| The Blue Grass Chemical Stockpile in Richmond, Ky., has
full permission to destroy chemical weapons.
Now they need to design the building.
Blue Grass received an air-quality permit from the Kentucky
Department of Environmental Protection on Wednesday, the last regulatory
permit the facility needs to begin operations. The state already has granted
permits that allow storage and construction. The air-quality permit means
weapons can be destroyed at the site.
“That allows the operation piece of it,” said Dave Easter,
a spokesman for the Blue Grass Army Depot. “You’ve got a storage piece, a
construction piece and an operation piece. This has moved forward.”

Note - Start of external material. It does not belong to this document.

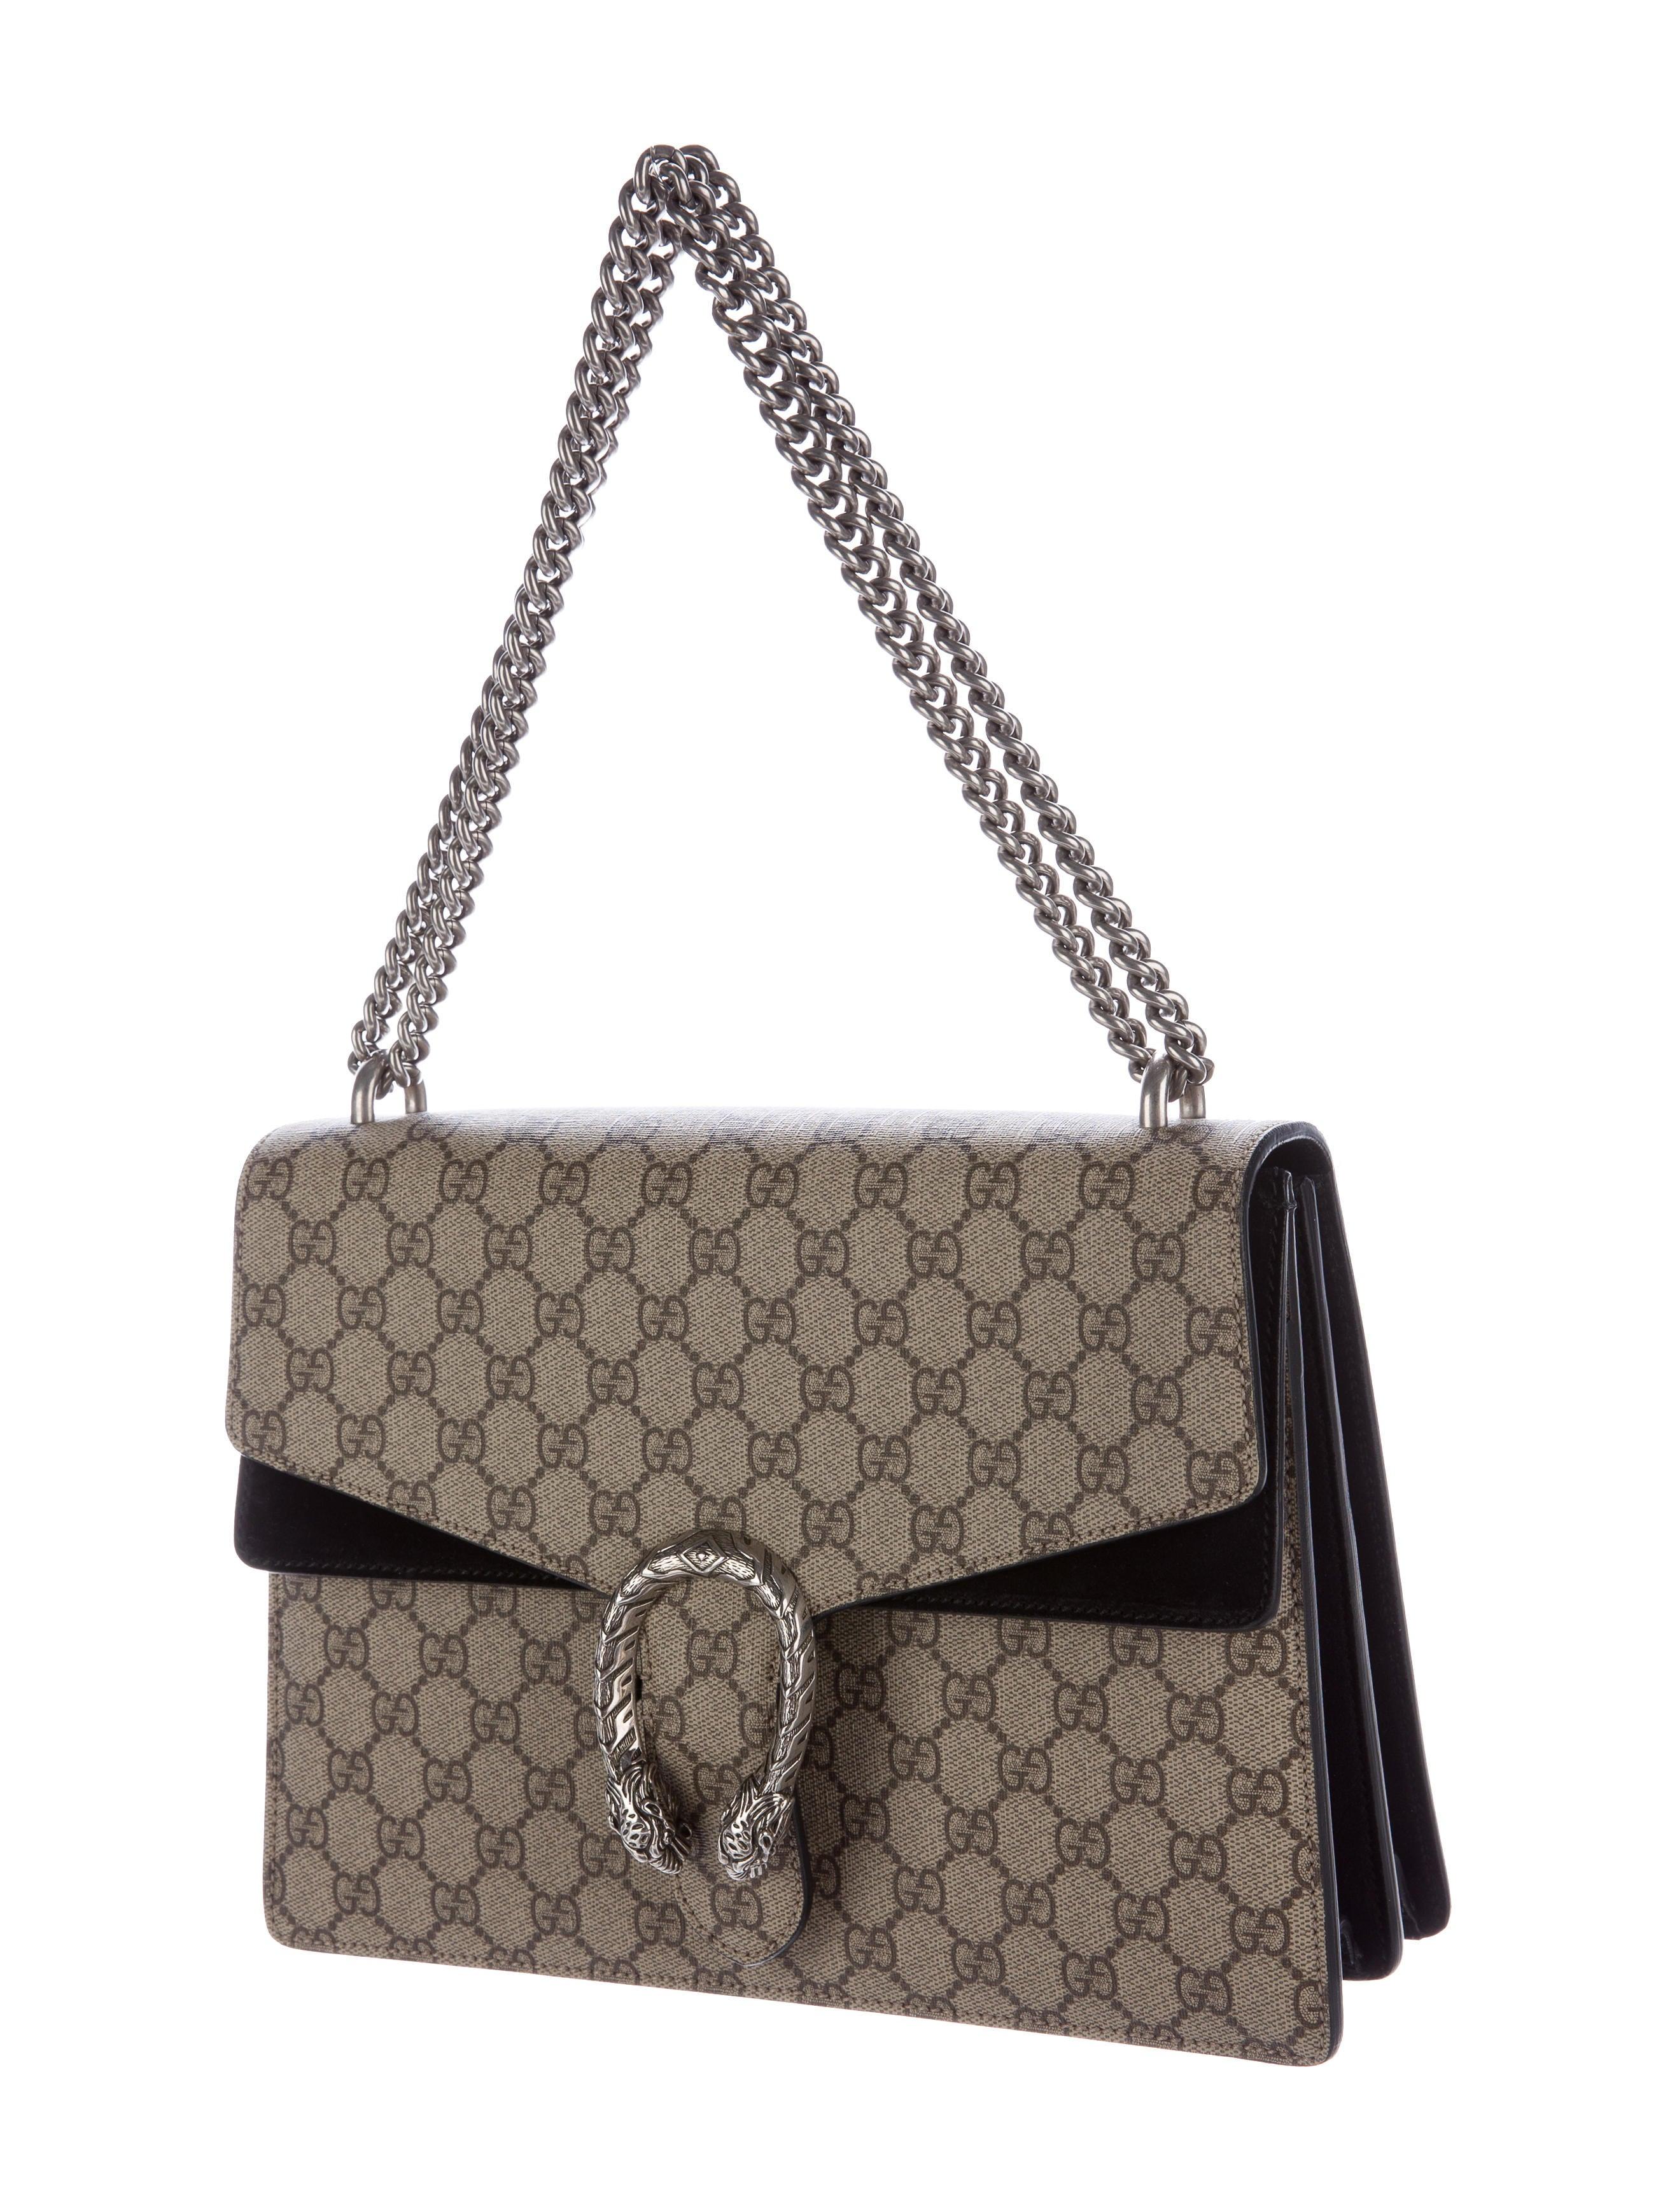 7bce5908dbc8 Gucci Gg Supreme Medium Shoulder Bag 523354 Dark Coffee | Stanford ...

Unlike Anniston, Blue Grass and a chemical weapons site in
Pueblo, Colo., fall under the Army’s Assembled Chemical Weapons Alternatives
program (ACWA). ACWA plans to use chemical neutralization processes to destroy
the weapons there.
The actual construction of the facilities, however, is years
away, and funding for both sites was in question earlier this year after
the Pentagon threatened to cut funding for ACWA, citing the costs of the
war in Iraq and rising cost estimates for the construction of the facilities.

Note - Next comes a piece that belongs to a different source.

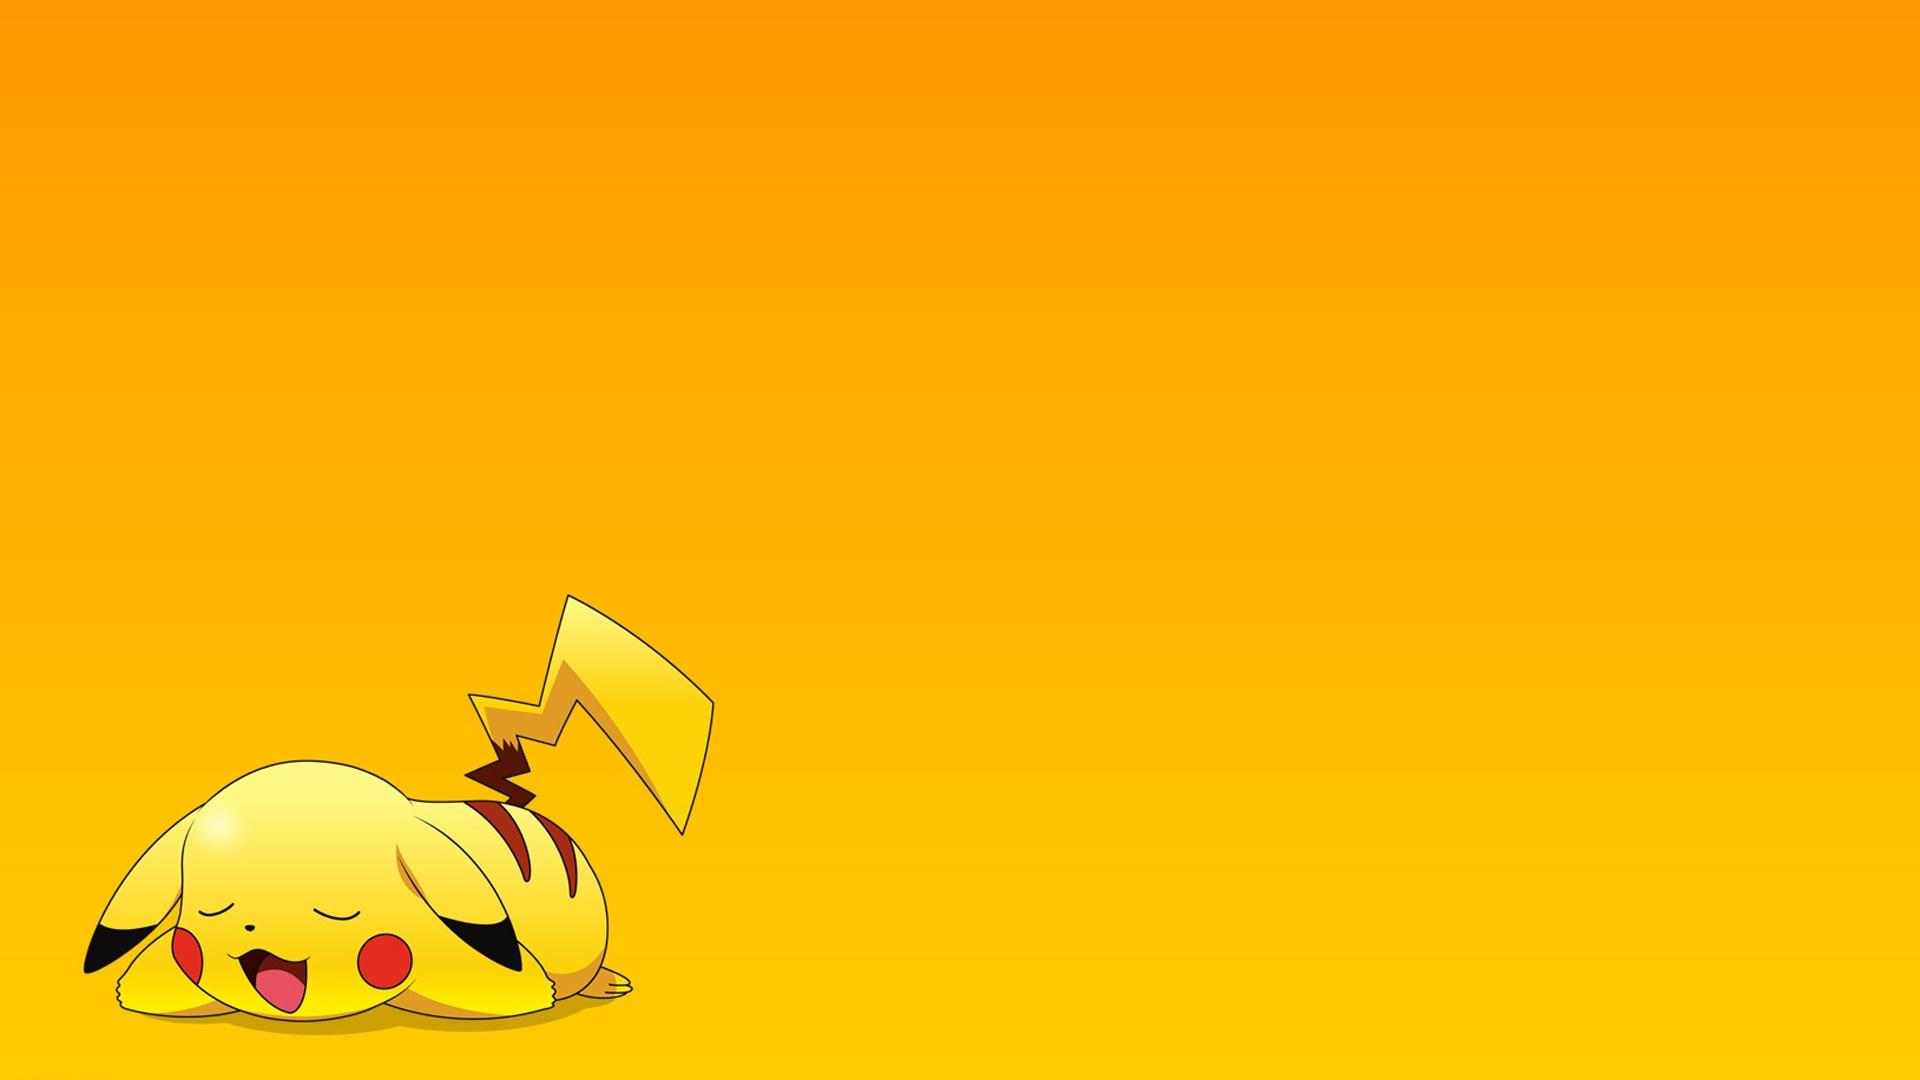 Download Pikachu Wallpaper Hd 1920x1080 124062 Full Size DesktopAS 1920x1080

Money for the program was released in May, and the facilities are being redesigned.
Blue Grass and Pueblo should get $51 million in fiscal year 2006, said Kathy
DeWeese, an ACWA spokeswoman. No timetable has been set for the start of
construction or the beginning of weapons demilitarization.
“We’re working with the Department of Defense to get approval
on the redesigns,” DeWeese said. “Once that’s in place, we should be able
to get an estimate on how much and (how) fluidly we can move.”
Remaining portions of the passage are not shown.